The substantive theoretical claim is that a word-and-paradigm DLM suffices to predict every disyllabic tone pattern's surface realisation without any explicit phonological tone-sandhi rule. The architecture predicts neutralization where the meaning-space evidence supports it (Taiwan Mandarin, complete) and underdetermines it where evidence does not (Standard Chinese, where T3-T2 / T3-T3 distinction "is hardly visible to the eye" but reportedly incomplete; @cite{lu-chuang-baayen-2026} §5).

Substrate #

The LinearDiscriminativeLexicon substrate (Theories/Processing/Lexical/Discriminative/Defs.lean) is reused verbatim — this is the second paper-anchored study consuming it (@cite{chuang-bell-tseng-baayen-2026} is the first). This file specialises the substrate to:

The fact that the same substrate parameterises cleanly to both 50-dim and 100-dim form vectors validates the dimension-polymorphic carrier typing of LinearDiscriminativeLexicon.

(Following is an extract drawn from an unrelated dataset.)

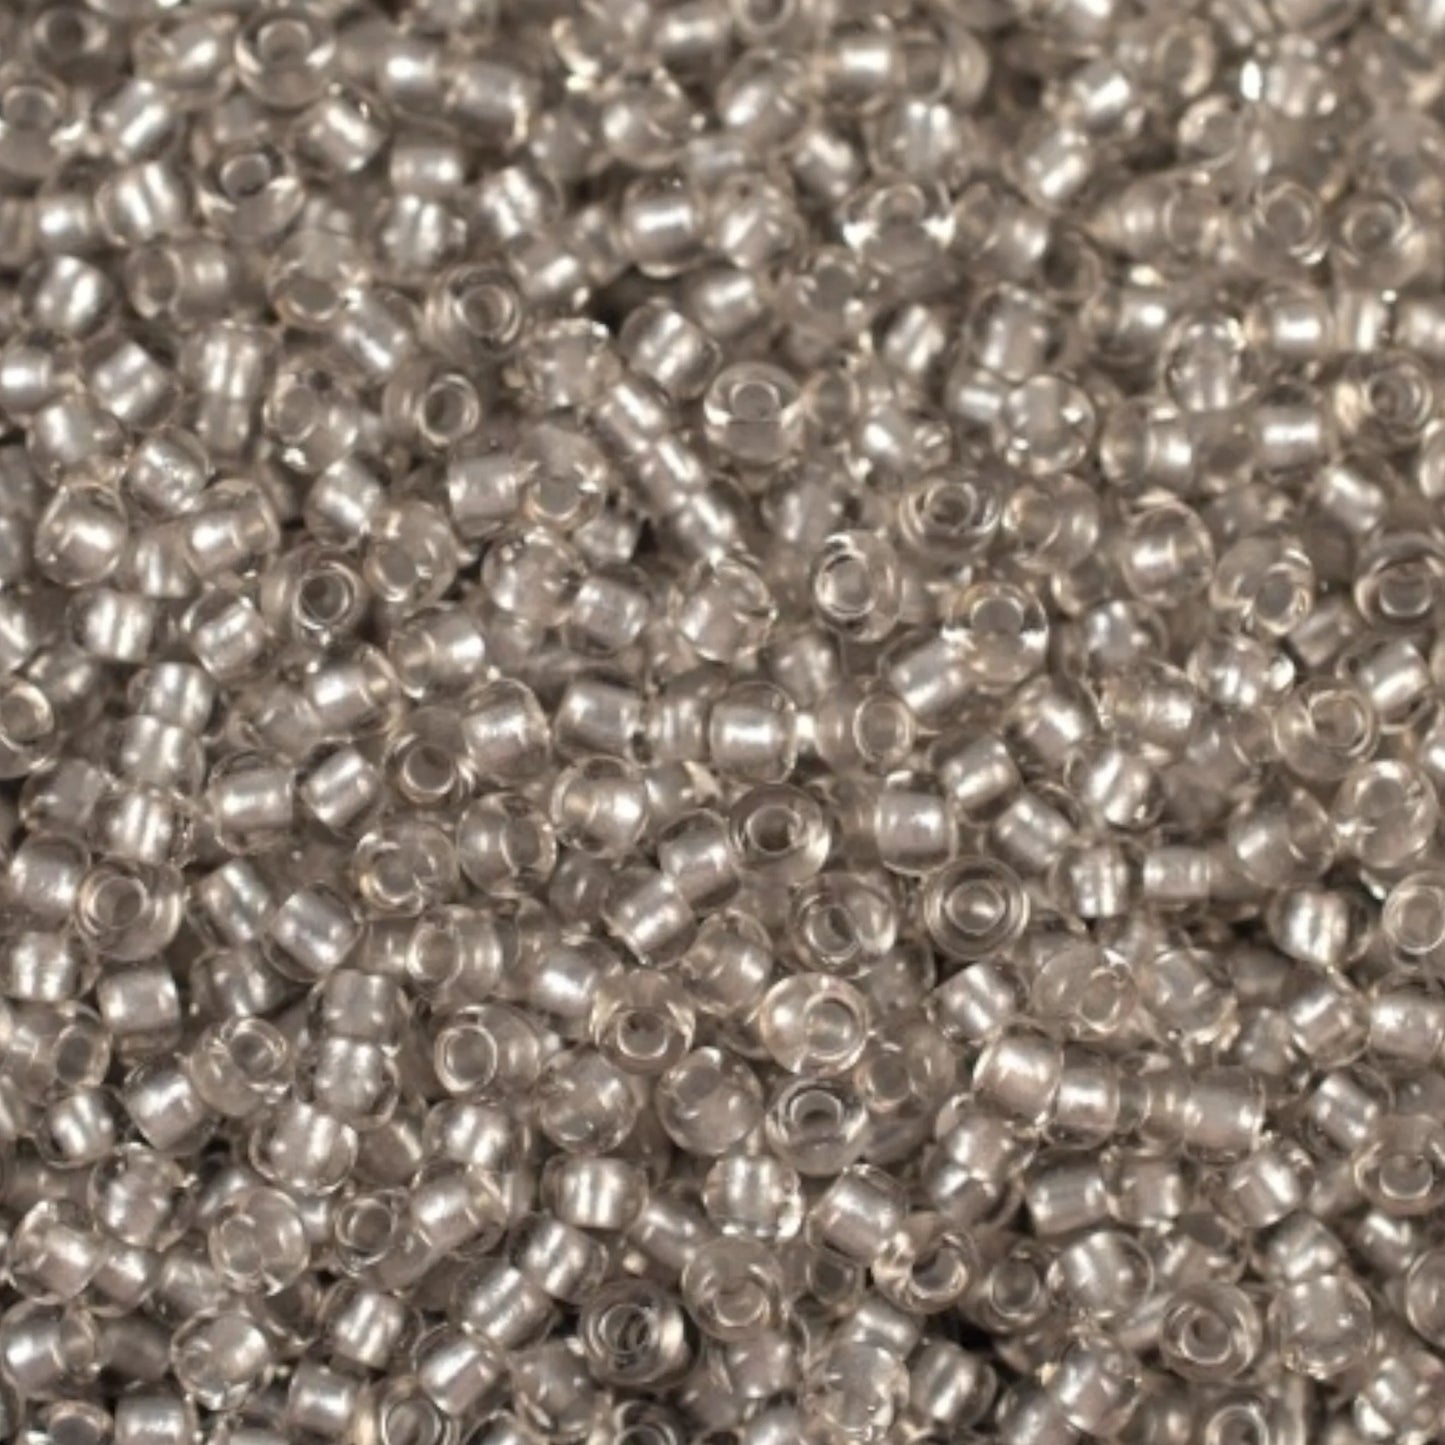 38249 Czech seed beads PRECIOSA Rocailles 10/0 grey. Crystal - Terra Pearl Lined.

Cross-framework note: vs. autosegmental T3 sandhi #

The classical autosegmental account of Mandarin T3 sandhi (@cite{chen-2000}, @cite{duanmu-2007}, and the surrounding literature) posits a structural rule: an underlying /T3 T3/ sequence undergoes spreading or delinking, surfacing as [T2 T3]. Linglib's existing discrete-tone substrate (Theories/Phonology/Tone/Constraints.lean, Theories/Phonology/Autosegmental/Floating.lean) is set up to express such rule-based accounts, although no Mandarin-specific T3-sandhi fragment has been formalised in linglib to date.

The DLM-side account differs both architecturally and predictively:

The two formalisations are not in head-on conflict; they generate different predictions on the same data. A formal cross-framework discrimination experiment would require the discrete-tone substrate to commit to a Mandarin T3-sandhi fragment, which it currently does not. Until then, this comparison lives in prose.

Sections #

@[reducible, inline]

The paper uses 100 evenly-spaced f0 samples per token (paper §4.1). Distinct from @cite{chuang-bell-tseng-baayen-2026}'s 50; the FormVec substrate is dimension-polymorphic so both fit.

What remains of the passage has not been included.